Philadelphia, Usa
Dal nostro inviato
I gruppi di lavoro del Convegno internazionale di Philadelphia sulla famiglia si confermano una miniera sempre più ricca di gioielli da scoprire, e credo che dovremo esplorarla a lungo, nei prossimi mesi, quando il materiale verrà pubblicato sui vari siti.

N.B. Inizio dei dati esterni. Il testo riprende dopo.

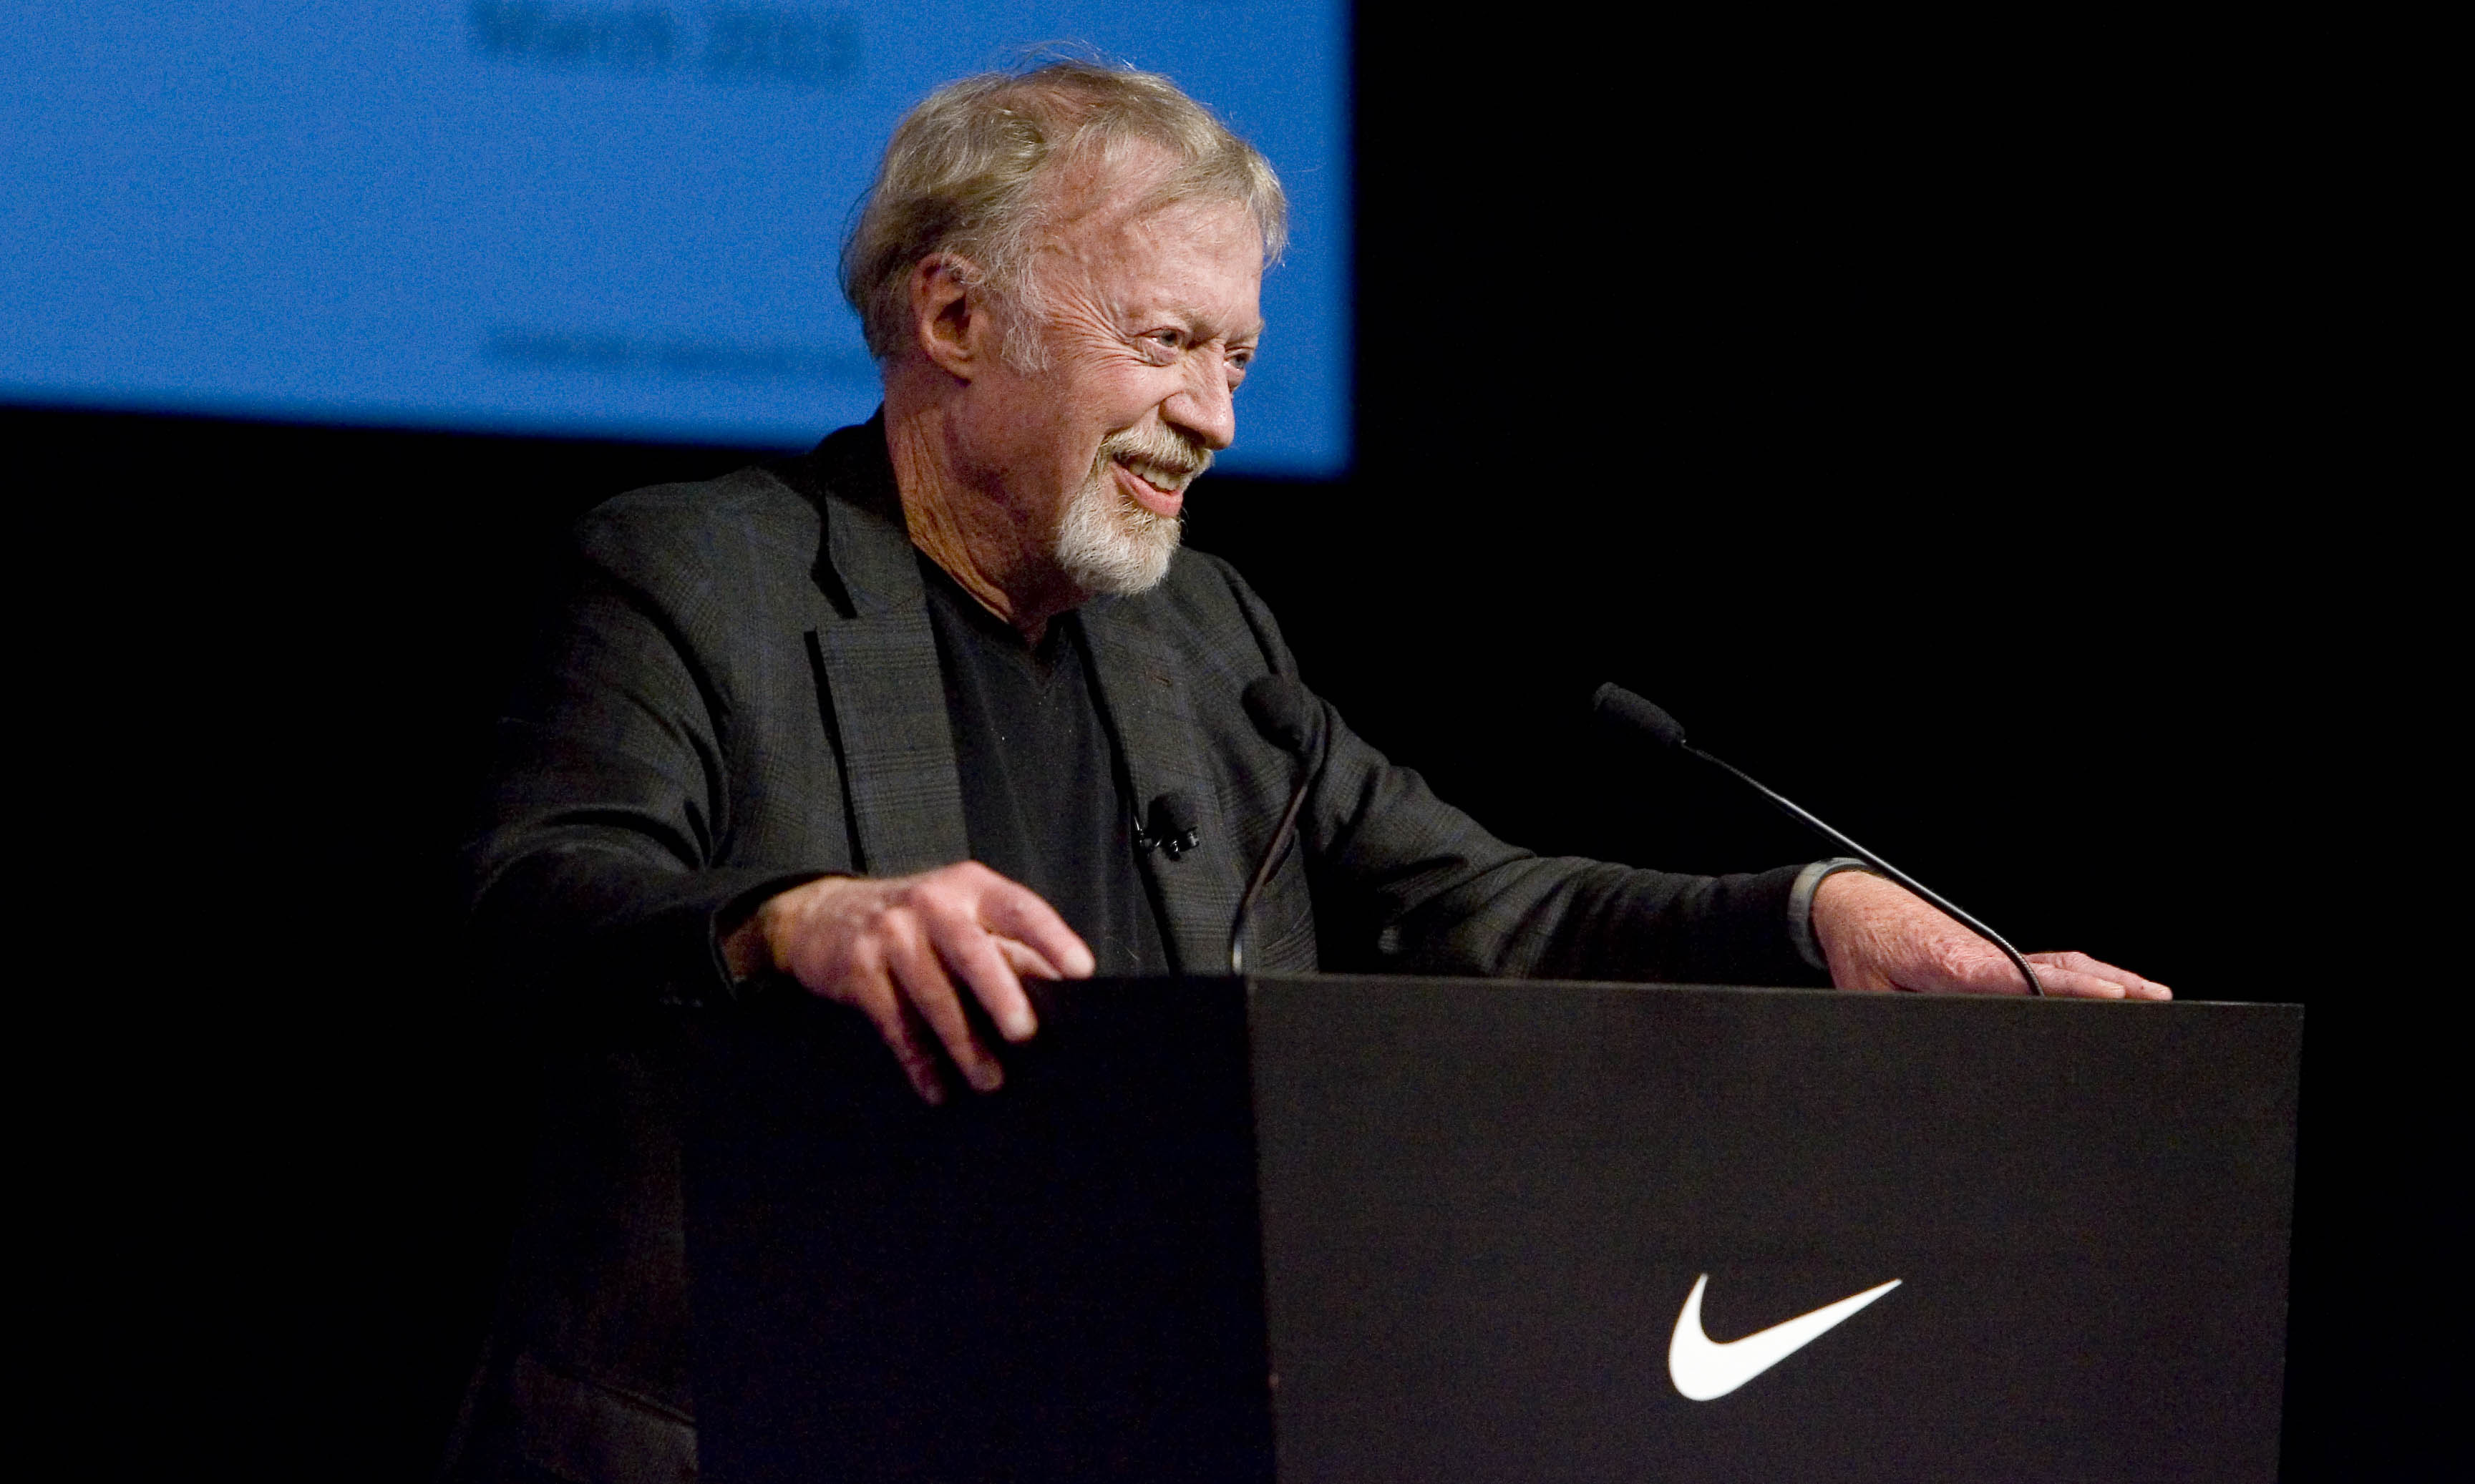 Phil Knight 捐献 10 亿美元 Nike 股份给慈善机构

Ieri, in particolare, è stata estremamente illuminante la presentazione di suor Sara Butler, una statunitense, che ha affrontato con grande serenità e precisione uno dei nodi culturali più controversi del nostro tempo: la differenza sessuale e la sua bellezza nella complementarietà. Una relazione pacata, precisa, che ha saputo leggere con grande attenzione le legittime esigenze di chi nega il valore della complementarietà tra i sessi, che il Magistero della Chiesa invece costantemente richiama.
Non pretendo di sintetizzare le varie argomentazioni sviluppate (davvero varrà la pena di rileggerle, comunque).

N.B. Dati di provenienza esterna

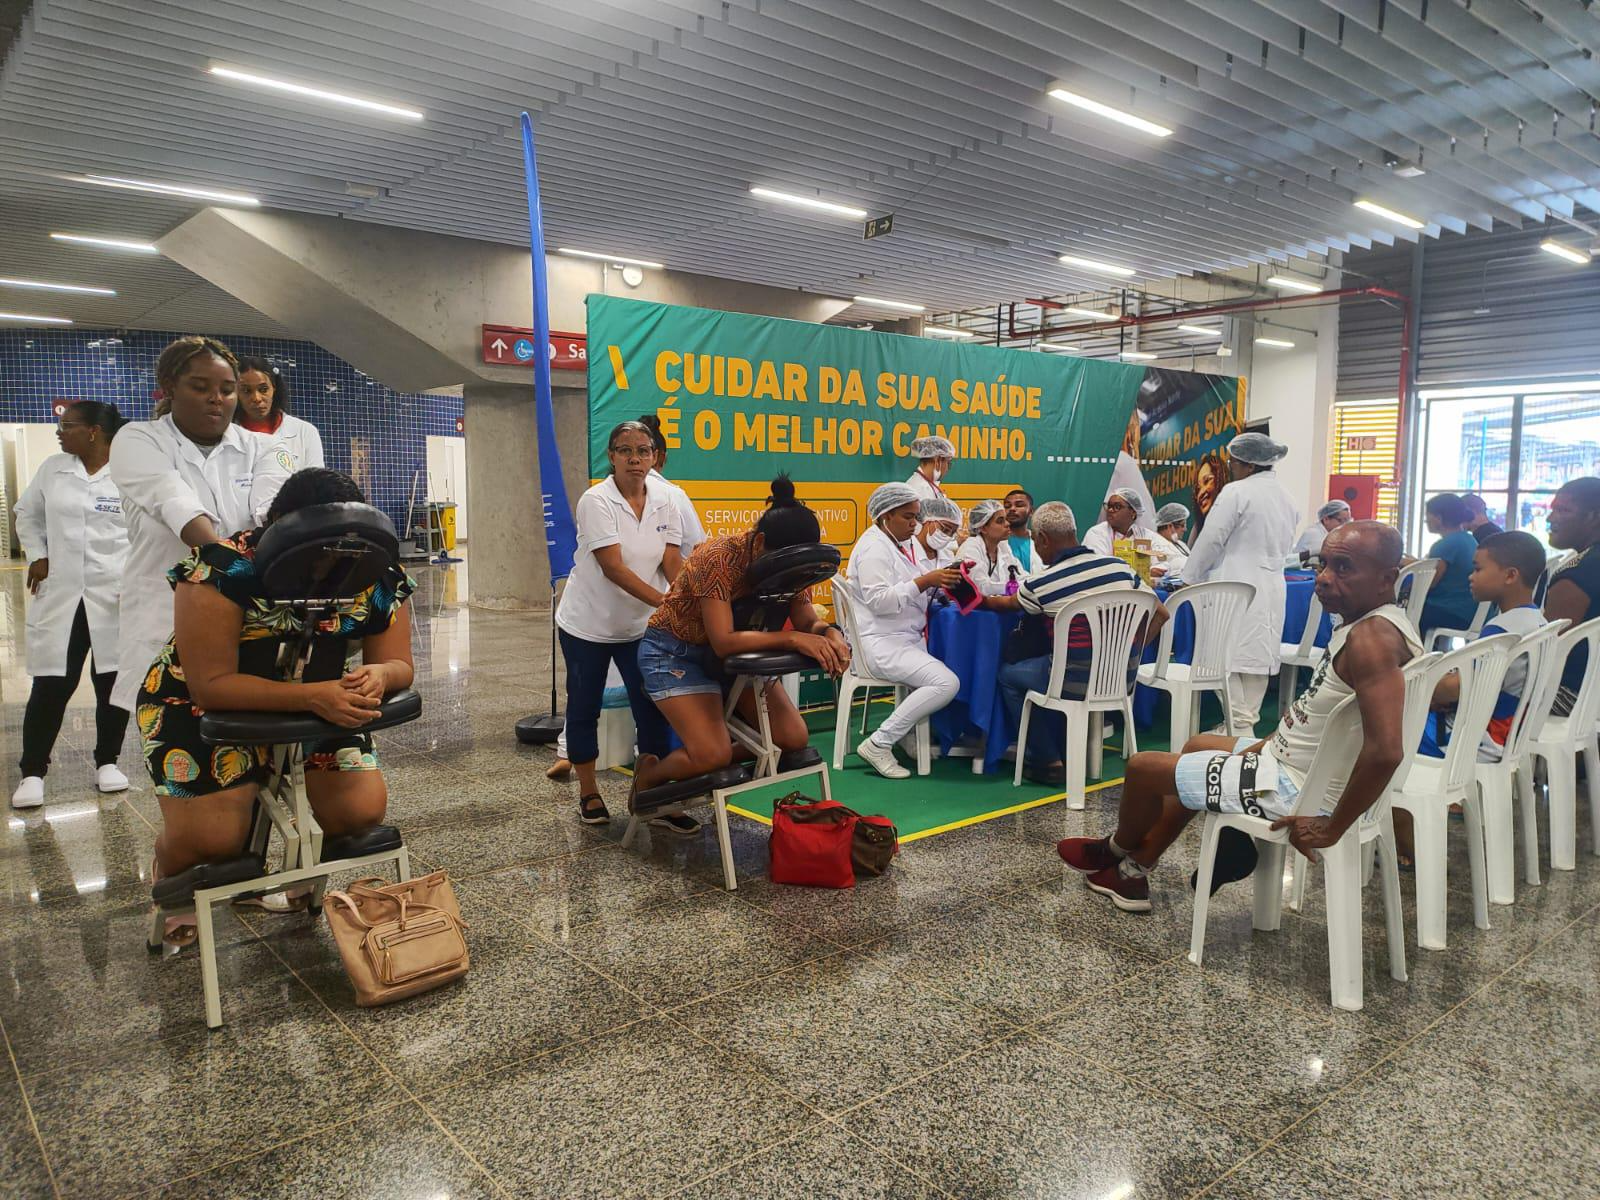 Serviços de saúde gratuitos são oferecidos em estação de metrô de Salvador a partir desta terça-feira

Quello che più mi ha colpito, piuttosto, è stata la descrizione della “cattiva complementarietà”, vale a dire il modo in cui lo stesso mondo cattolico non è stato capace di presentarla. Troppo spesso, infatti, si è dato della complementarietà una descrizione basata su stereotipi sociali, che è stata “androcentrica” (noi avremmo detto “maschilista”) e gerarchica. Per cui la complementarietà è stato spesso raccontata non come piena e totale simmetria tra l’uomo e la donna, uguali benché diversi, ma come “la donna complementare all’uomo”, e subordinata alla sua capacità di guida:
quindi l’uomo comanda, e sta sulla scena pubblica, la donna copre i buchi dell’uomo. L’uomo sarebbe, insomma, il modello base dell’umanità, e la donna una sua variante «inferiore» (uso, tra virgolette, le precise parole di suor Butler).
Invece uomo e donna si completano/complementano reciprocamente, in modo totalmente paritario e simmetrico, e «sono due modi per essere un corpo», entrambi pienamente soggetti, «uguali ma differenti, ma non inferiori».

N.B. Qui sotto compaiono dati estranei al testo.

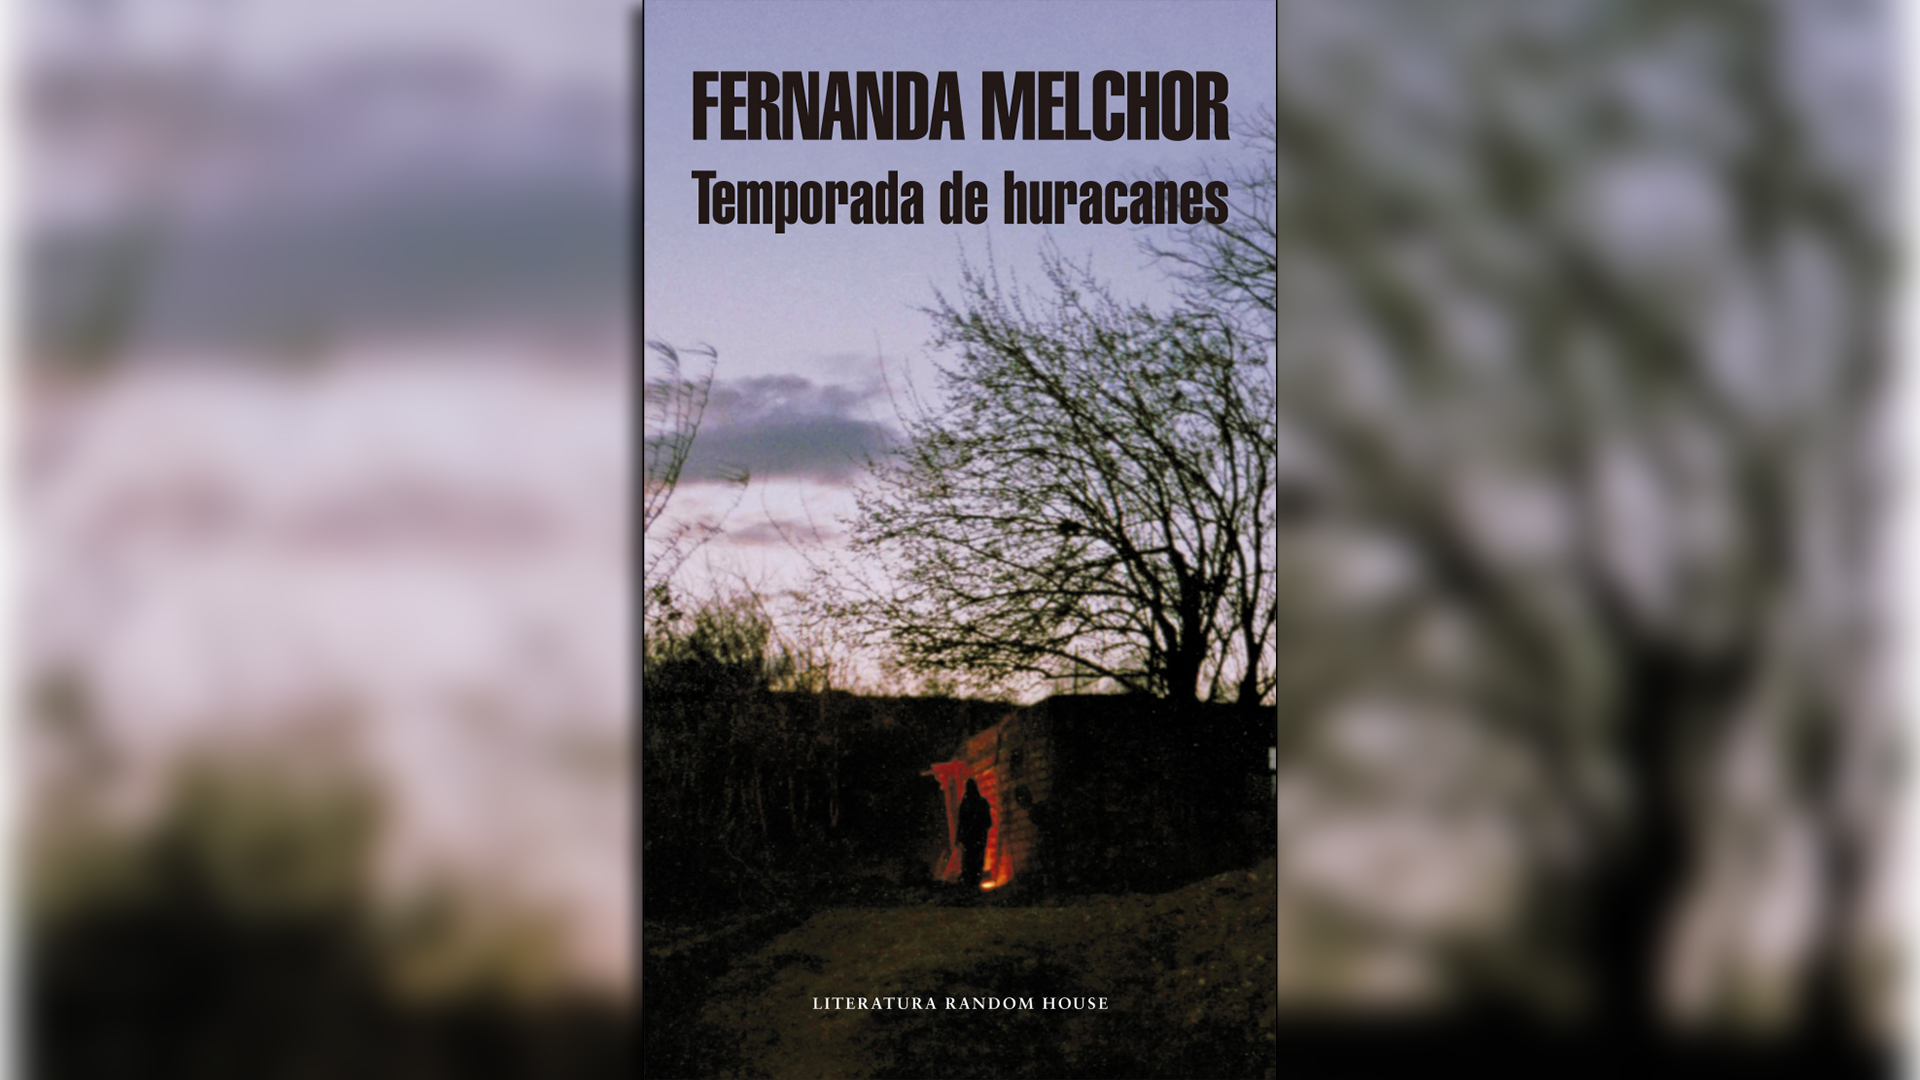 “Temporada de huracanes”: Netflix adaptará la novela sobre la violencia y la miseria escrita por la mexicana Fernanda Melchor

Lottare contro alcuni pregiudizi sul maschile e femminile non significa quindi negare la differenza sessuale; anzi, togliere questi condizionamenti sociali sul maschio “leader” e sulla donna “a servizio” ci aiuterebbe a far splendere meglio la grande verità della complementarietà tra i sessi. Uomo e donna sono uno di fronte all’altro, e si aiutano reciprocamente a capirsi fino in fondo. E ognuno ha bisogno della differenza dell’altro, per capire se stesso fino in fondo. In questa prospettiva diventa davvero potente la provocazione lanciata alla fine dell’intervento: grazie a Giovanni Paolo II abbiamo dato un nome e una qualità al “genio femminile”. Ma chi ha mai provato a definire il “genio del maschile”? A noi uomini, maschi, mariti e padri, spetta per primi questo compito.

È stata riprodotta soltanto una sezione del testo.